Zeta Centauri

Observation data Epoch J2000.0 Equinox J2000.0
- Constellation: Centaurus
- Right ascension: 13^{h} 55^{m} 32.38565^{s}
- Declination: −47° 17′ 18.1482″
- Apparent magnitude (V): +2.55

Characteristics
- Spectral type: B2.5 IV
- U−B color index: −0.91
- B−V color index: −0.22

Astrometry
- Radial velocity (R_{v}): +6.5 km/s
- Proper motion (μ): RA: −57.37 mas/yr Dec.: −44.55 mas/yr
- Parallax (π): 8.54±0.13 mas
- Distance: 382 ± 6 ly (117 ± 2 pc)
- Absolute magnitude (M_{V}): −2.79

Orbit
- Period (P): 8.024 days
- Semi-major axis (a): 0.0014"
- Eccentricity (e): 0.5
- Periastron epoch (T): 2413719.321 JD
- Argument of periastron (ω) (secondary): 290°

Details
- Mass: 7.8±0.1 M_{☉}
- Radius: 5.80±0.53 R_{☉}
- Luminosity: 5,884 L_{☉}
- Surface gravity (log g): 3.84±0.08 cgs
- Temperature: 23561±283 K
- Rotational velocity (v sin i): 235 km/s
- Age: 39.8±5.7 Myr
- Other designations: Leepwal, ζ Cen, CD−46 8949, CPD−46 6560, HD 121263, HIP 68002, HR 5231, SAO 224538

Database references
- SIMBAD: data

= Zeta Centauri =

Star in the constellation Centaurus

Zeta Centauri is a binary star system in the southern constellation of Centaurus. It has the proper name Leepwal; Zeta Centauri is its Bayer designation. With a combined apparent visual magnitude of +2.55, it is one of the brighter members of the constellation. This system is close enough to the Earth that its distance can be measured directly using the parallax technique. This yields a value of roughly 382 ly, with a 1.6% margin of error. It is drifting further away with a radial velocity of +6.5 km/s.

ζ Cen is a double-lined spectroscopic binary system, which indicates that the orbital motion was detected by shifts in the absorption lines of their combined spectra caused by the Doppler effect. The two stars orbit each other over a period of slightly more than eight days with an orbital eccentricity of about 0.5. The estimated angular separation of the pair is 1.4 mas.

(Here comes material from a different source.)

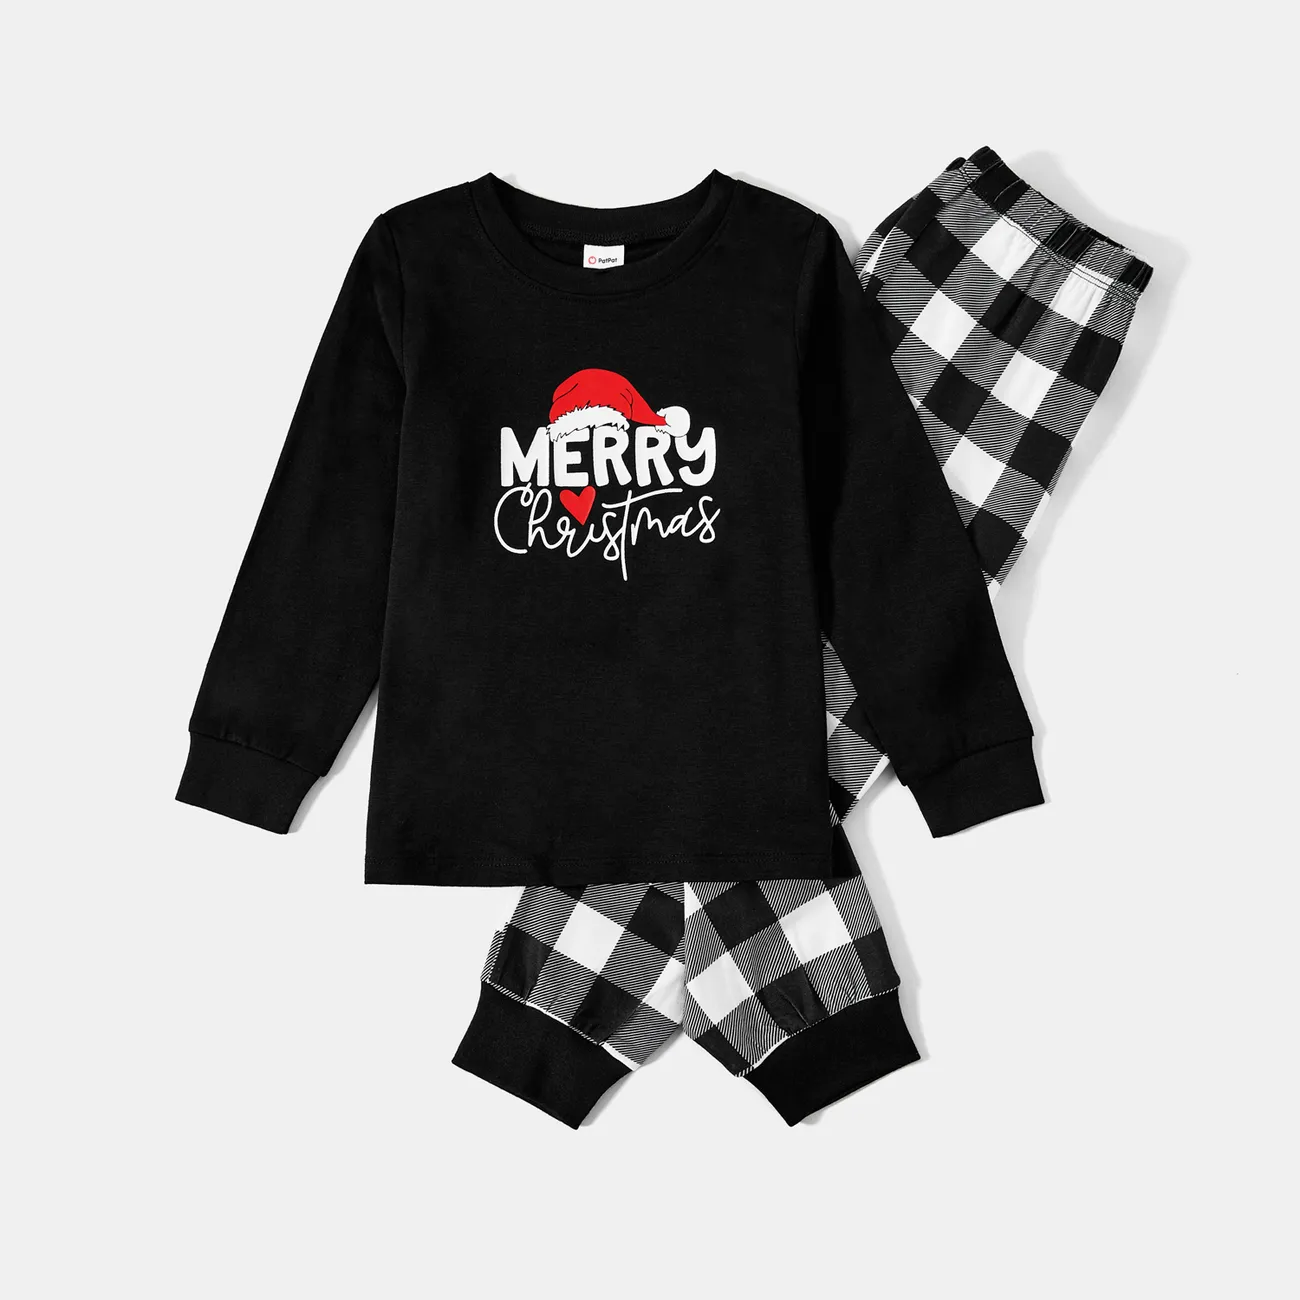 Christmas Family Matching Glow In The Dark Letters Print Long-sleeve Pajamas Sets (Flame resistant) Black/White big image 1

At an estimated age of 40 million years, the primary component of this system appears to be in the subgiant stage of its evolution with a stellar classification of B2.5 IV. It is a large star with nearly 8 times the mass of the Sun and close to 6 times the Sun's radius. This star is rotating rapidly with a projected rotational velocity of 235 km s^{−1}.

==Nomenclature==
Zeta Centauri, Latinized from ζ Centauri, is the star's Bayer designation. Along with other modern Bayer designations in Centaurus, it was assigned by Nicolas Louis de Lacaille in his 1756 star catalog; the star referred to as ζ Centauri in Bayer's Uranometria of 1603 is Acrux in the Southern Cross, then considered part of Centaurus.

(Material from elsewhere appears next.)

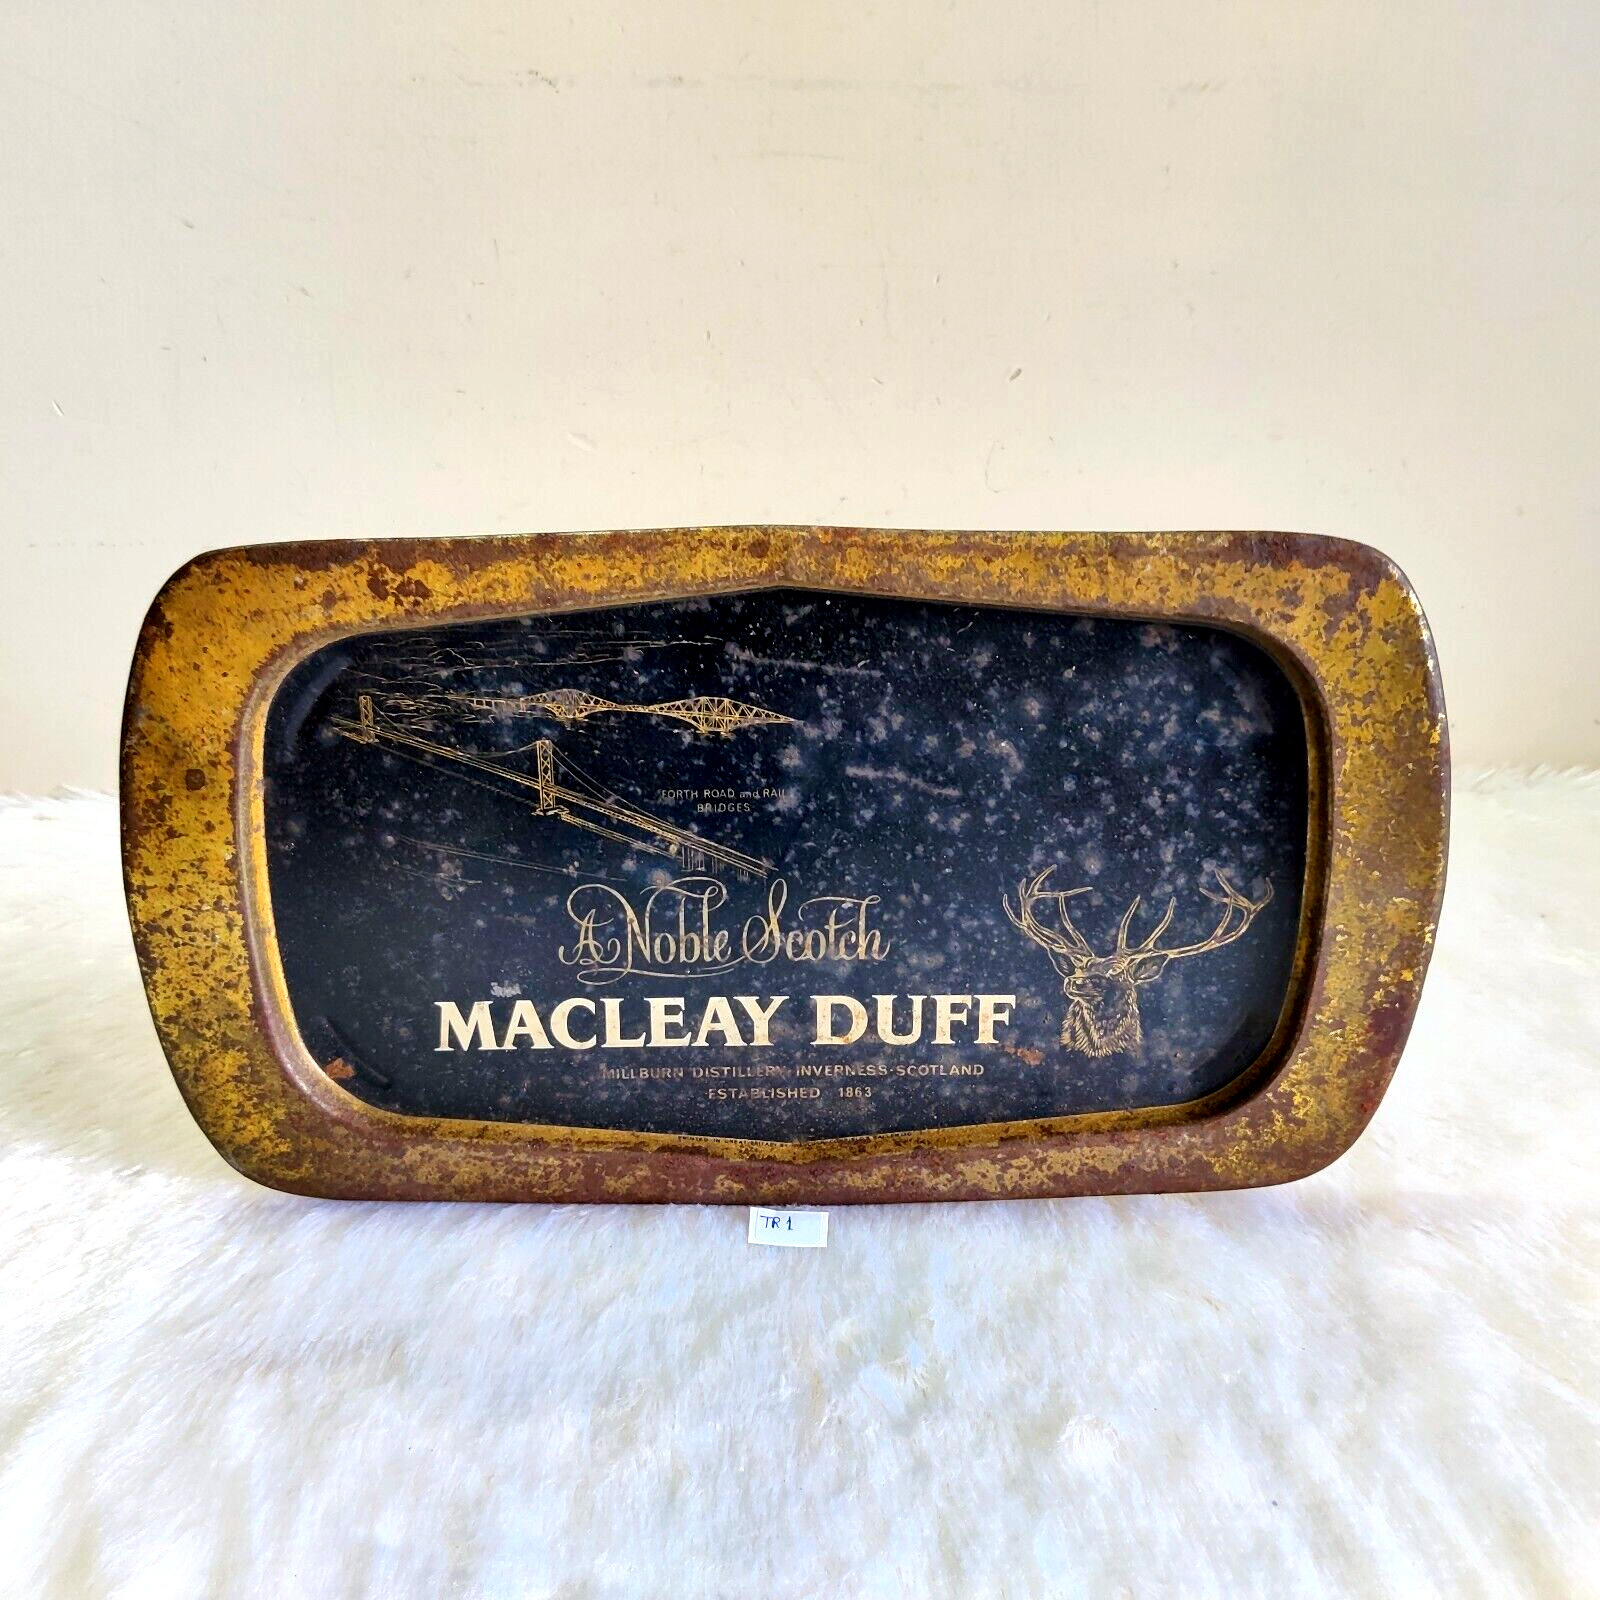 Vintage Macleady Duff Scotch Advertising Tin Tray Barware Collectible Old TR1

This star has been referred to by the proper name Alnair /æ'nɛər/, from نير بطن قنطورس, though this was originally a name for Acrux (see above). Alnair is also the proper name of α Gruis and was officially approved by the IAU as the name of that star. This star has also been referred to as Baten Kentaurus, from the same Arabic source.

In Chinese, 庫樓 (Kù Lóu), meaning Arsenal, refers to an asterism consisting of ζ Centauri, η Centauri, θ Centauri, 2 Centauri, HD 117440, ξ^{1} Centauri, γ Centauri, τ Centauri, D Centauri and σ Centauri. Consequently, the Chinese name for ζ Centauri itself is 庫樓一 (Kù Lóu yī, the First Star of Arsenal.) (See also ι Centauri.)

In Marshallese, this star is named Ļeepwal (pronounced leyepwal), the third of the ten sons of Lōktañūr (Capella). The IAU Working Group on Star Names approved the name Leepwal for Zeta Centauri A on 18 July 2024 and it is now so entered in the IAU Catalog of Star Names.